* [YOUR GOAL]: A faithful copy of the data is the goal; set it down exactly, without the images.

* [STORED DATA]:
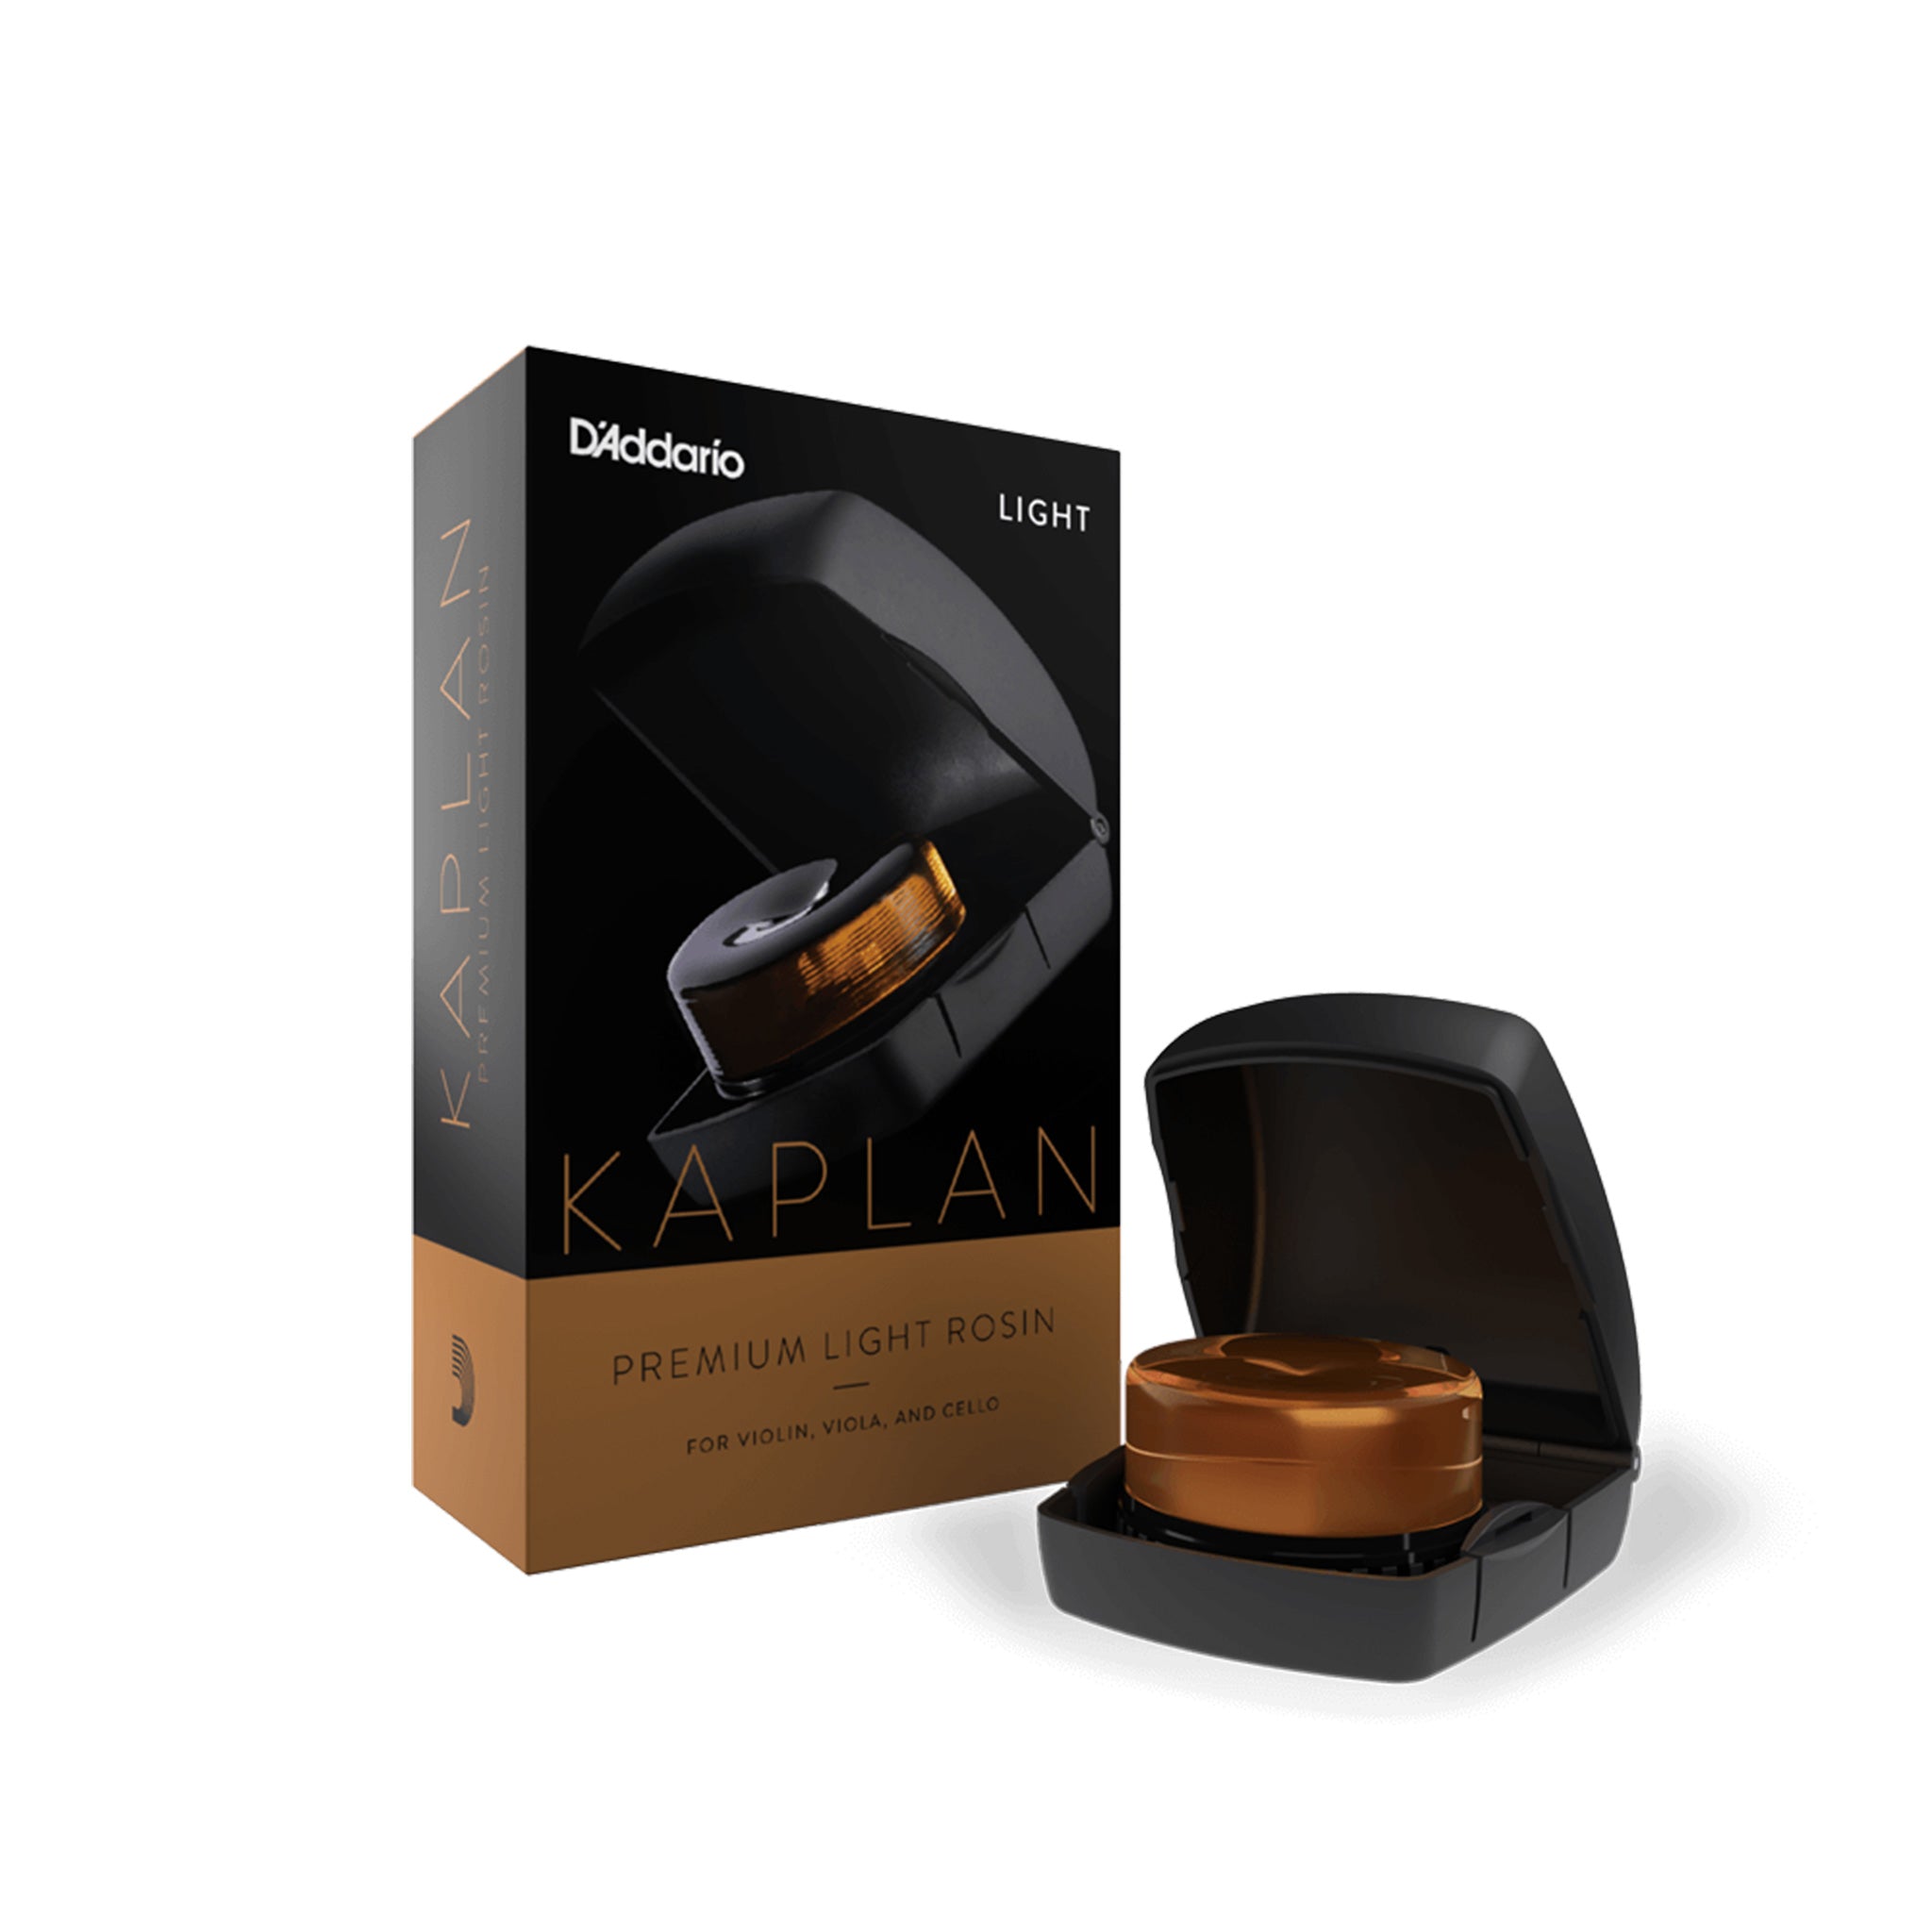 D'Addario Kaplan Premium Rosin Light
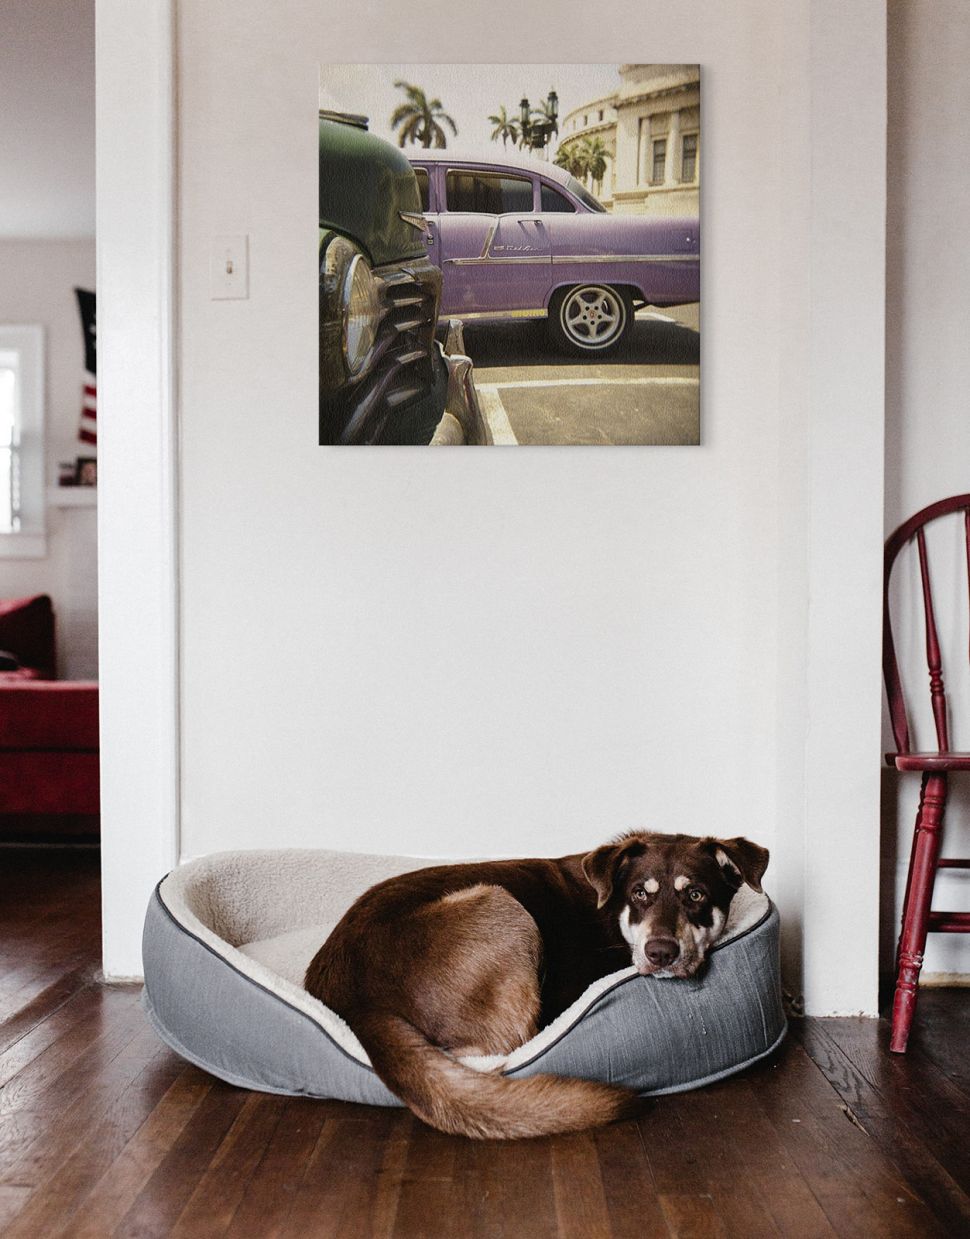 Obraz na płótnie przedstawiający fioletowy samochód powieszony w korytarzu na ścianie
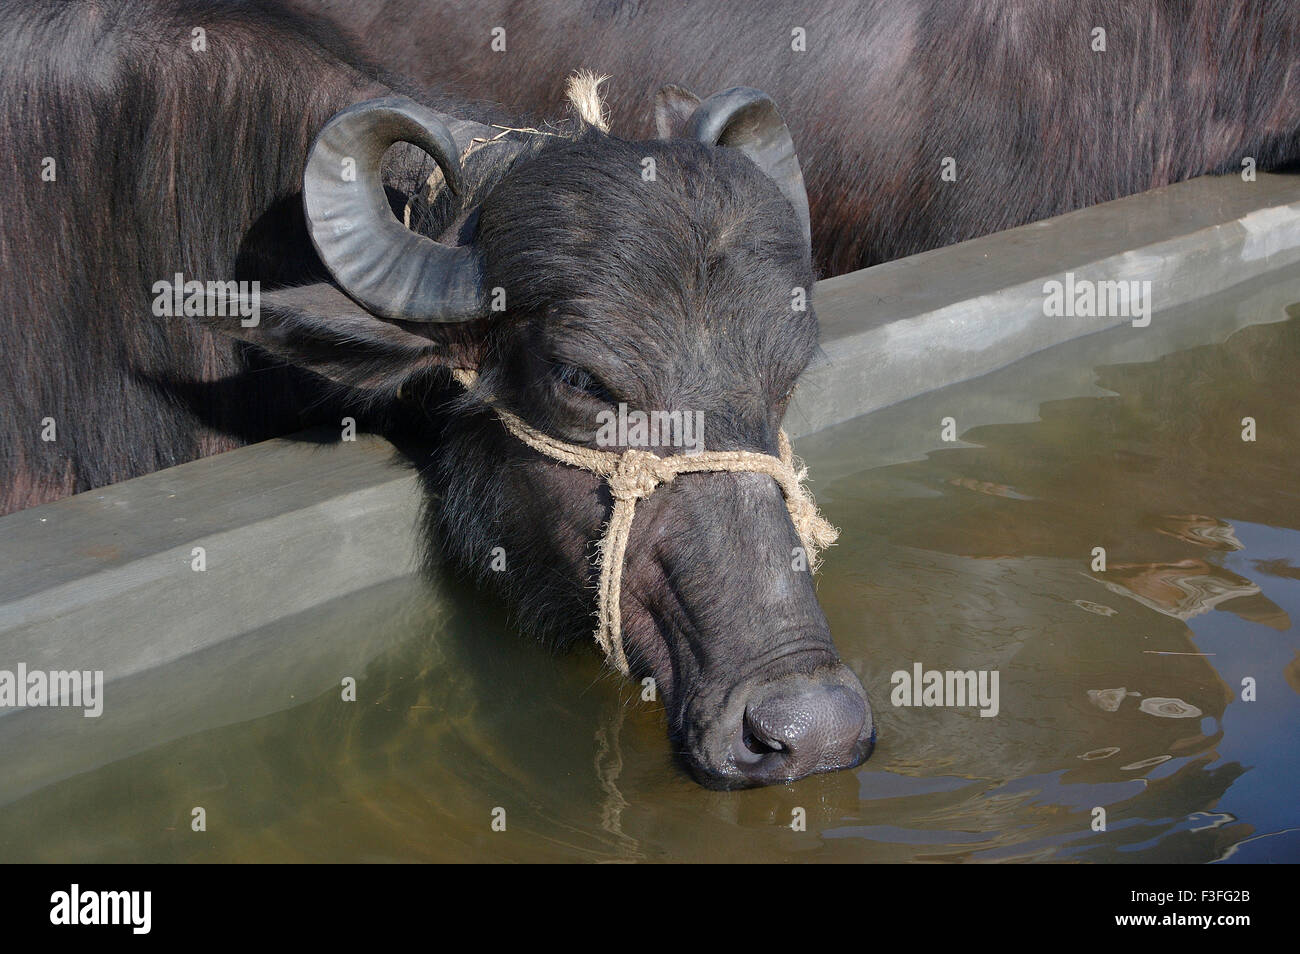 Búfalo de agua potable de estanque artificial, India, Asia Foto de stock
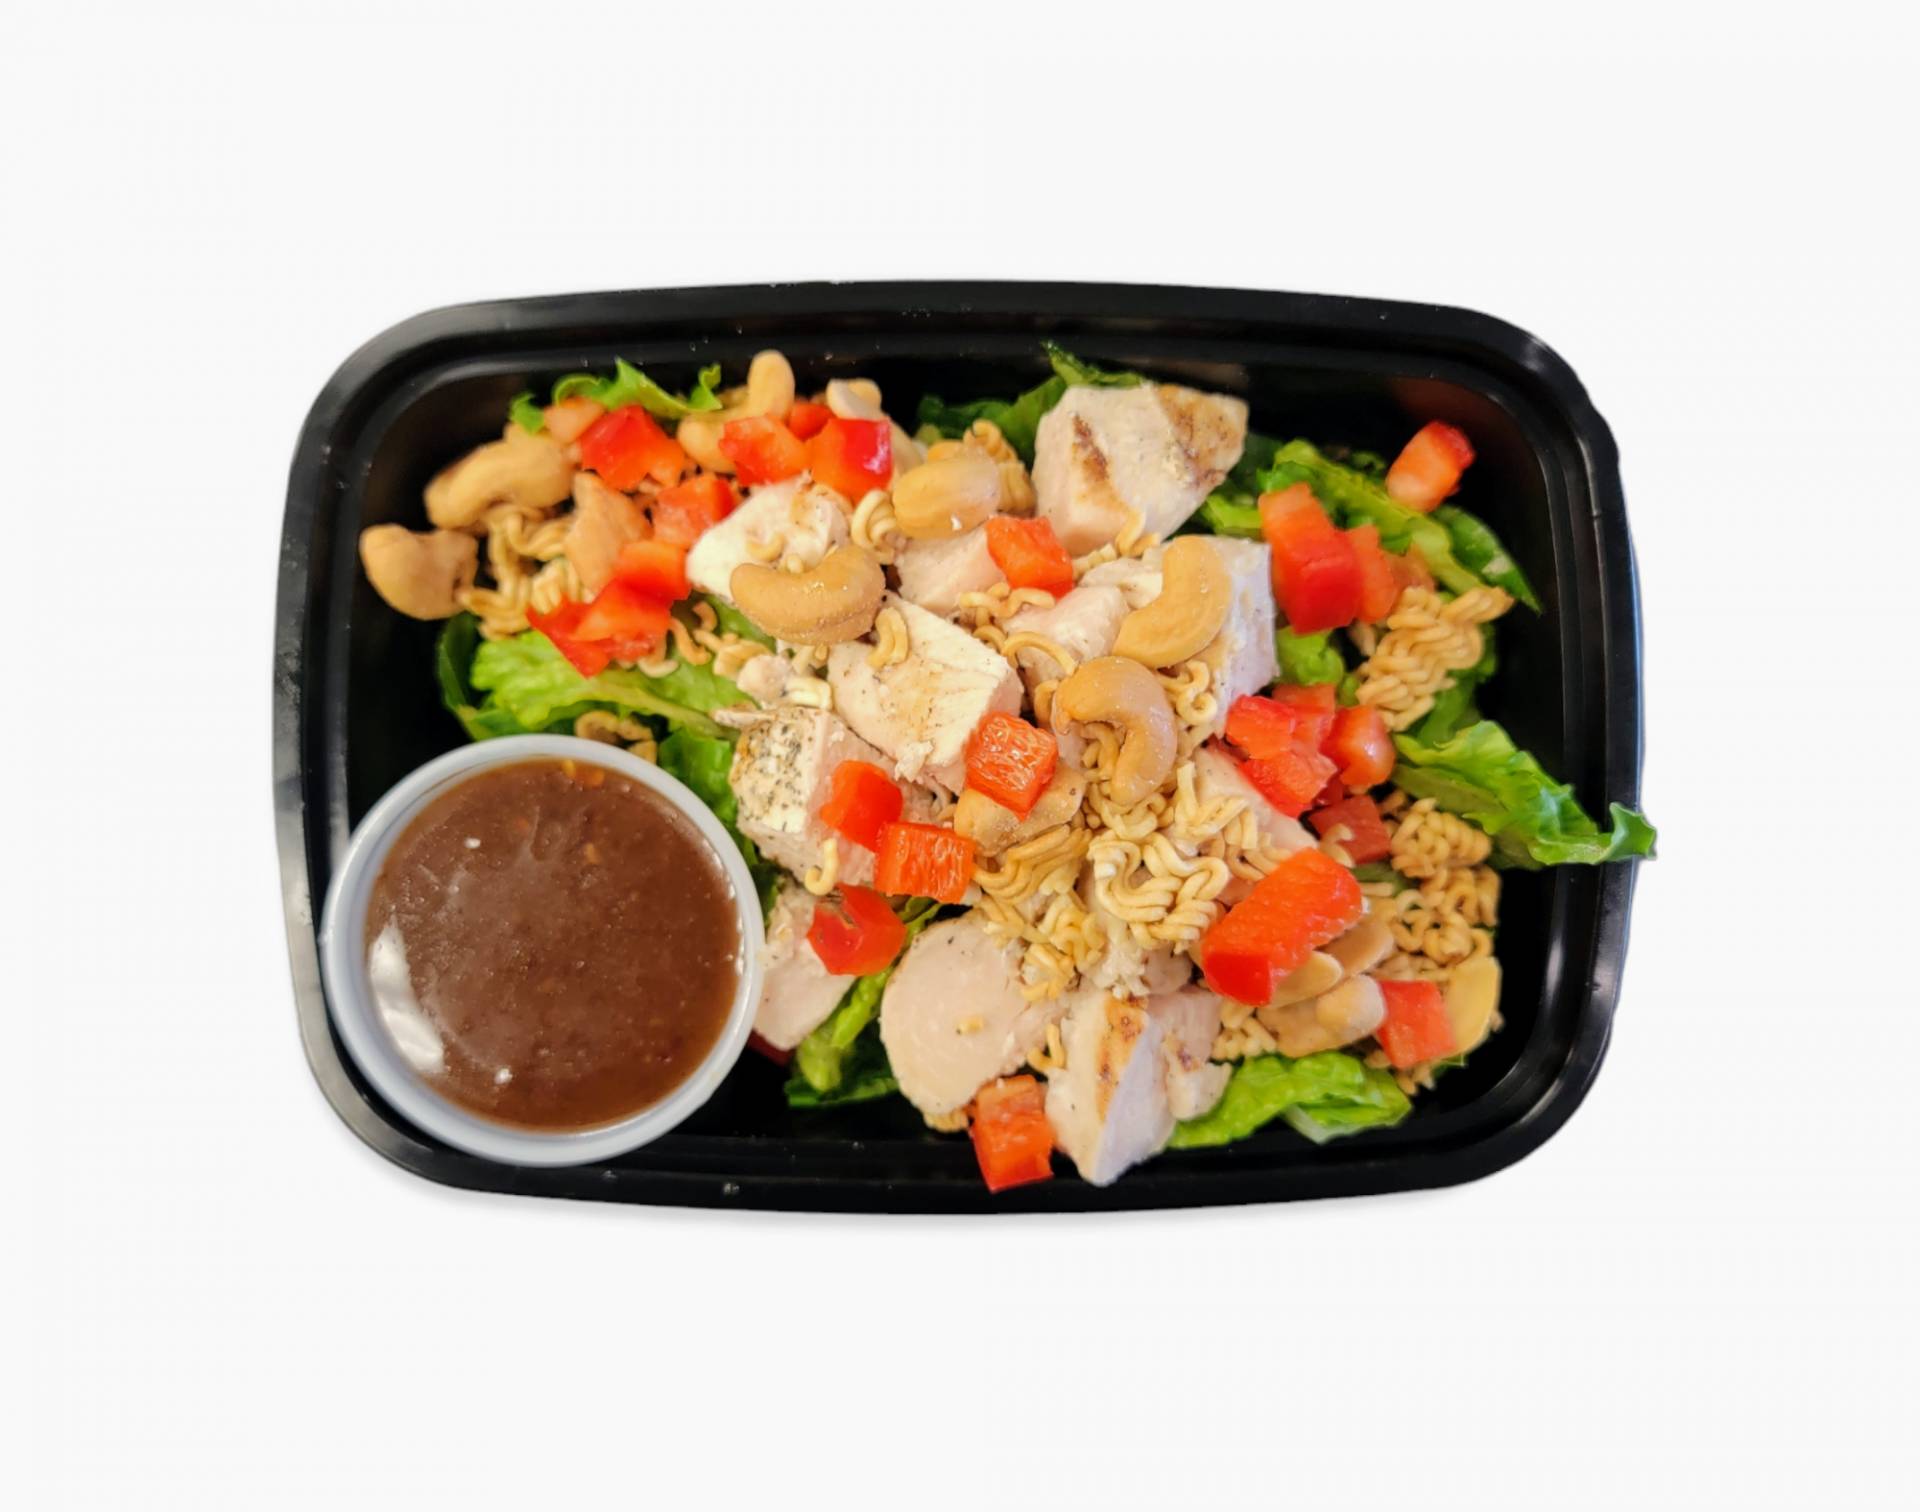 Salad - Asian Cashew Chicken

* [ANSWER AREA]:
 D'Addario Kaplan Premium Rosin Light
 Obraz na płótnie przedstawiający fioletowy samochód powieszony w korytarzu na ścianie
 Búfalo de agua potable de estanque artificial, India, Asia Foto de stock
 Salad - Asian Cashew Chicken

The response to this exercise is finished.